▶ **EXERCISE DATA**:
———

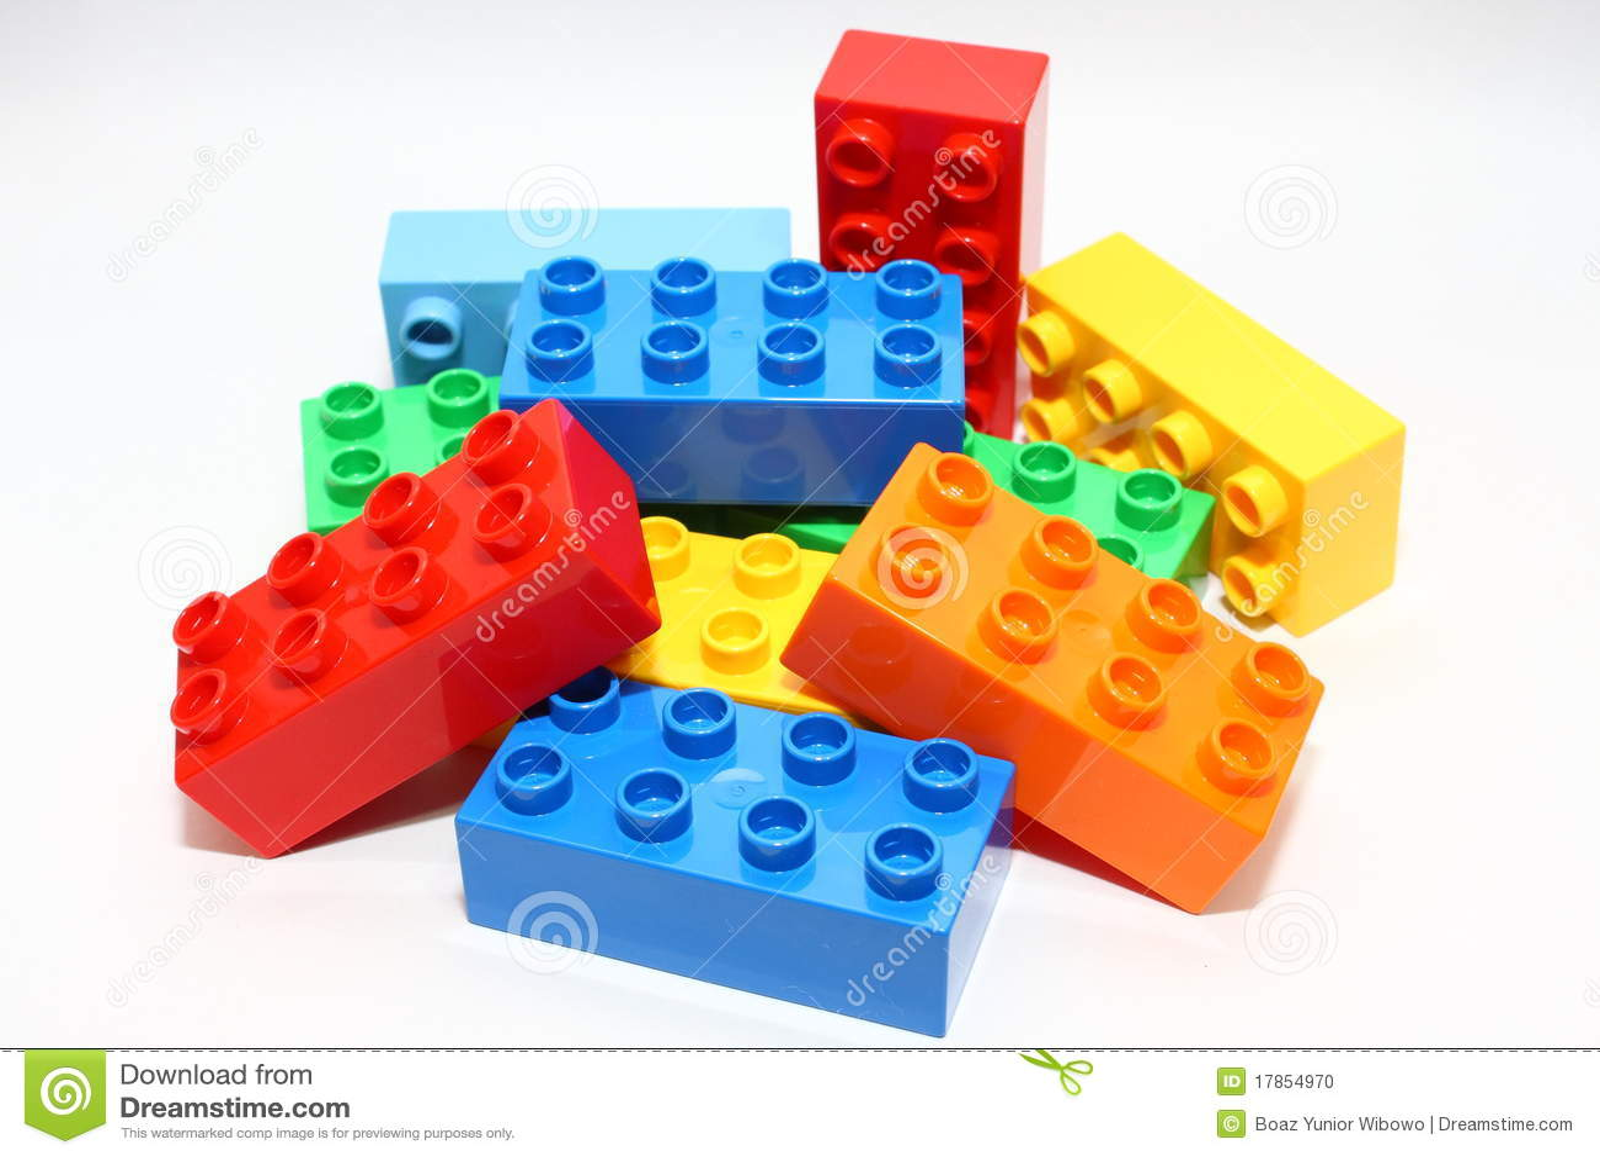 lego blocks stock photo image of teamwork connect building 17854970. Black Bedroom Furniture Sets. Home Design Ideas
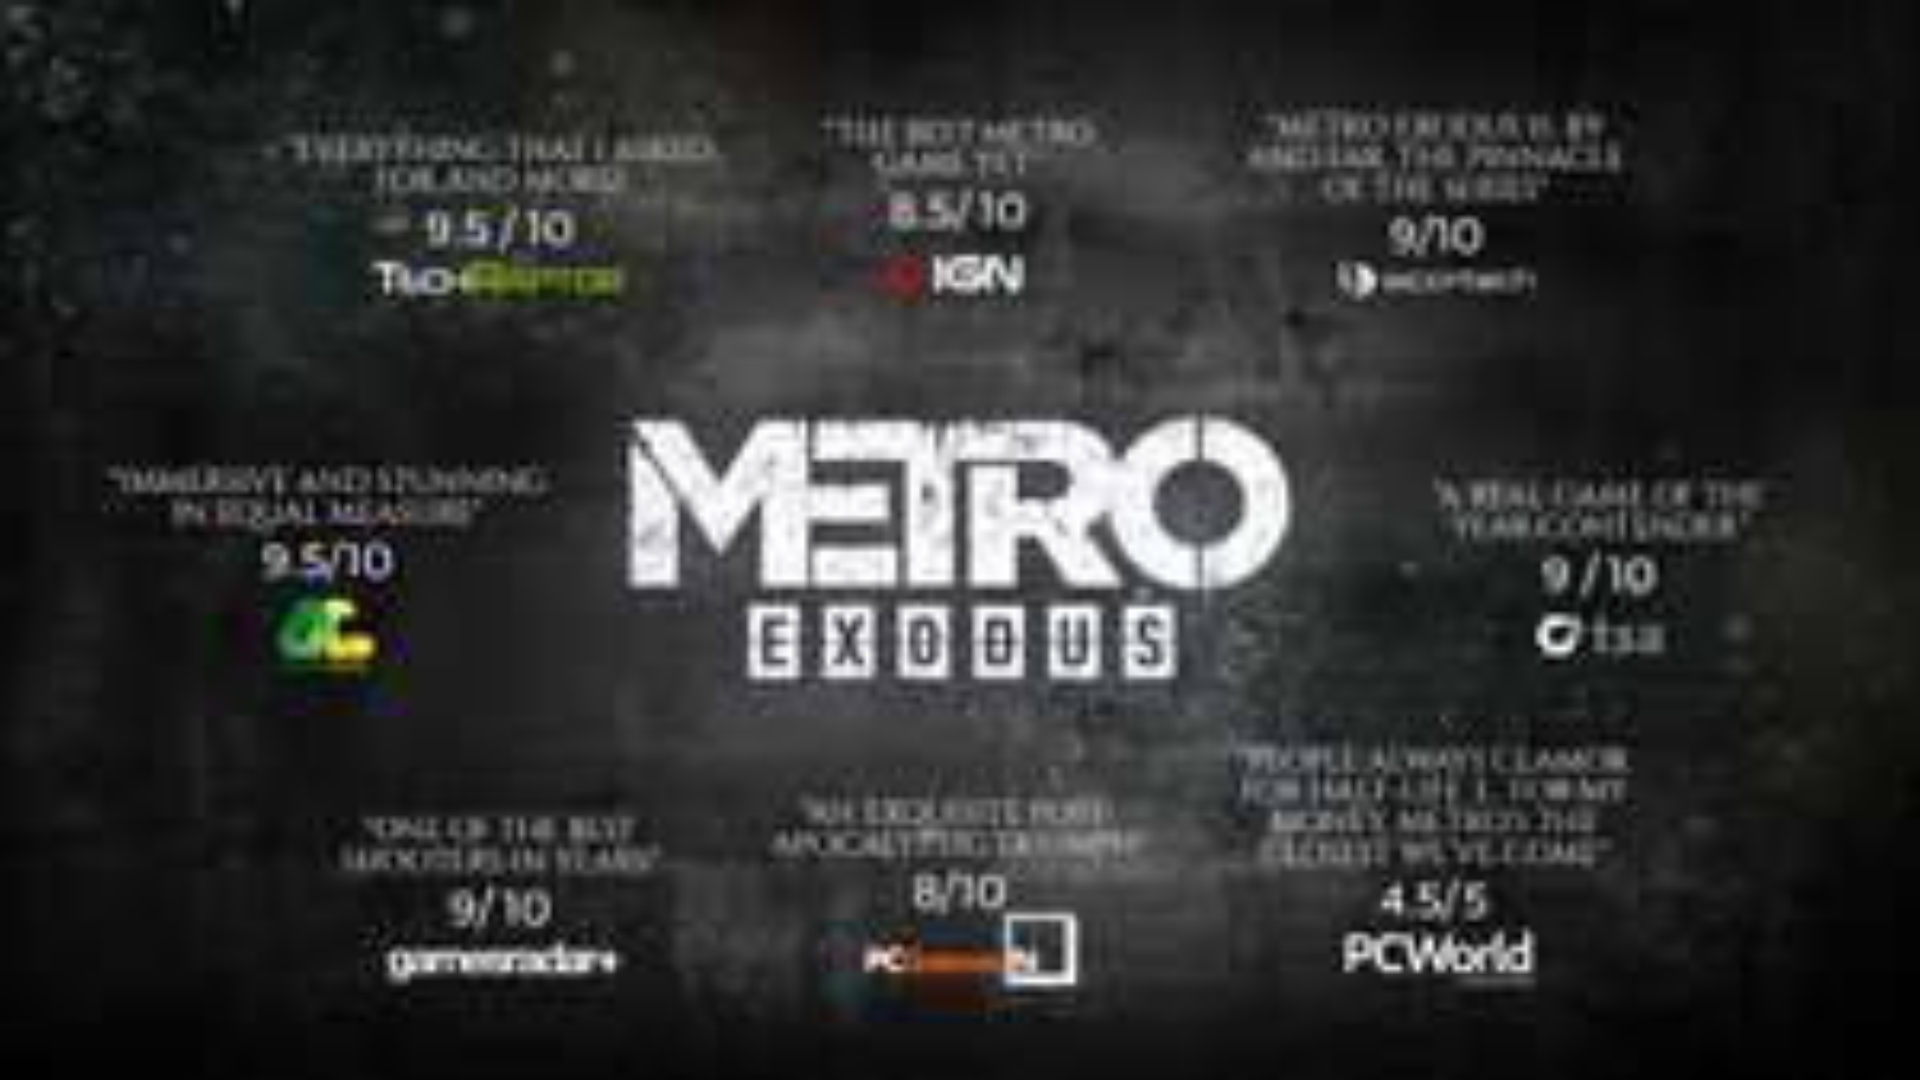 Metro Exodus PC (Epic Games Store)
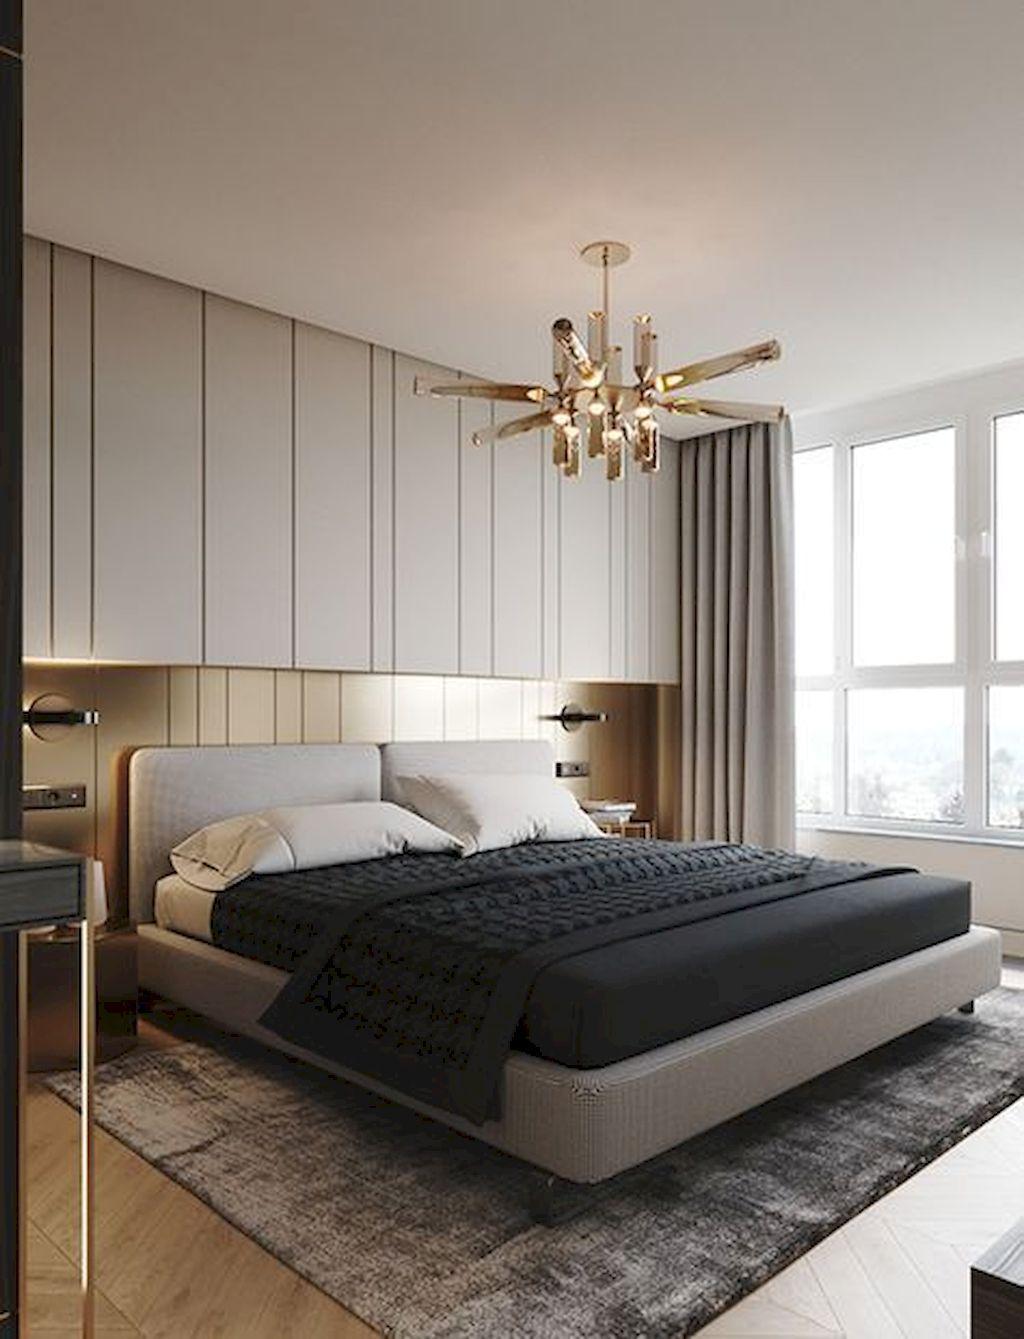 Minimalist Hotel Room: 80 Cozy Minimalist Bedroom Design Trends

———

▶ **BRIEF**:
Copy out the listing above in full and leave out its pictures.

▶ **REPLY**:
 lego blocks stock photo image of teamwork connect building 17854970. Black Bedroom Furniture Sets. Home Design Ideas
 Metro Exodus PC (Epic Games Store)
 Minimalist Hotel Room: 80 Cozy Minimalist Bedroom Design Trends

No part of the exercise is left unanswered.